Intensive Poultry Units

What are IPUs?

IPUs (intensive poultry units) are giant scale industrial size steel sheds, typically around 100 metres long by 20 metres wide, with accompanying hard standing, silos and supporting infrastructure, and because of this are usually hard to blend into the countryside.

The environment agency categorises intensive livestock units as industrial installations and this includes IPUs. Due to the giant scale of IPUs the waste they produce is significant and it has a serious impact on the environment.

 

How Fast Can They Grow?

The intensity of the production process increases every year as the industry produces birds that reach “maturity” even more quickly. The broiler industry is predicting that by 2020, chickens will reach “table-weight” just 19 days from hatching. This can only increase the amounts of manure produced.

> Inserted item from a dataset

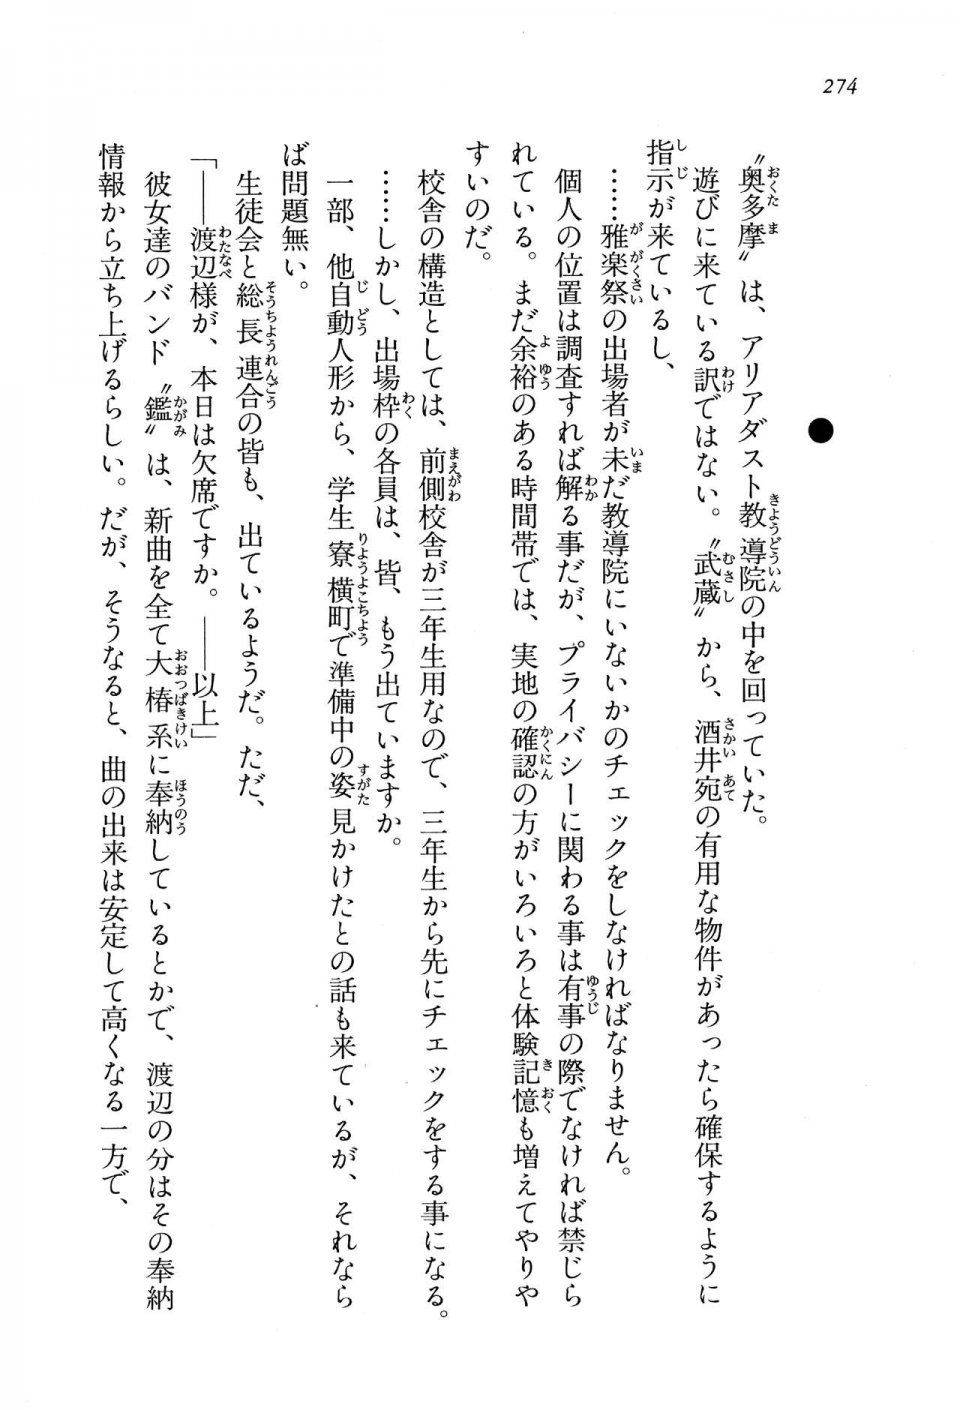 Kyoukai Senjou no Horizon BD Special Mininovel Vol 8(4B) - Photo #278

These chickens spend much of their time lying down because their legs are not strong enough to support their heavy body weights and many of them suffer from painful leg disorders. The rapid growth also puts a strain on their hearts and lungs. Fast‐growing broilers spend less time performing natural behaviours such as walking and pecking. Chickens bred to grow quickly often develop leg deformities because their bones don’t grow quickly enough to support the weight of their bodies.

 

Antibiotic Use

The health of chickens in factory farms has traditionally been supported by the preventative use of antibiotics. Although efforts have been made in recent years to reduce levels of use in poultry farming, antibiotics are still given routinely to chickens in highly intensive systems.

There is clear evidence that the over use of antibiotics in factory farms contributes to resistance to antibiotics in human health, which means that if you eat a lot of chickens that have been treated with antibiotics, when you get sick and take antibiotic medication, it will treat you and make you better.

 

Disease

Avian (bird) flu outbreaks are a sadly common story in the UK. There is a clear likelihood that that the industrial‐scale poultry industry has upset the longstanding balance between bird flu viruses and birds (wild or domestic). The overcrowding, poor health and high stress environments inside a chicken factory are the perfect conditions for viruses to mutate.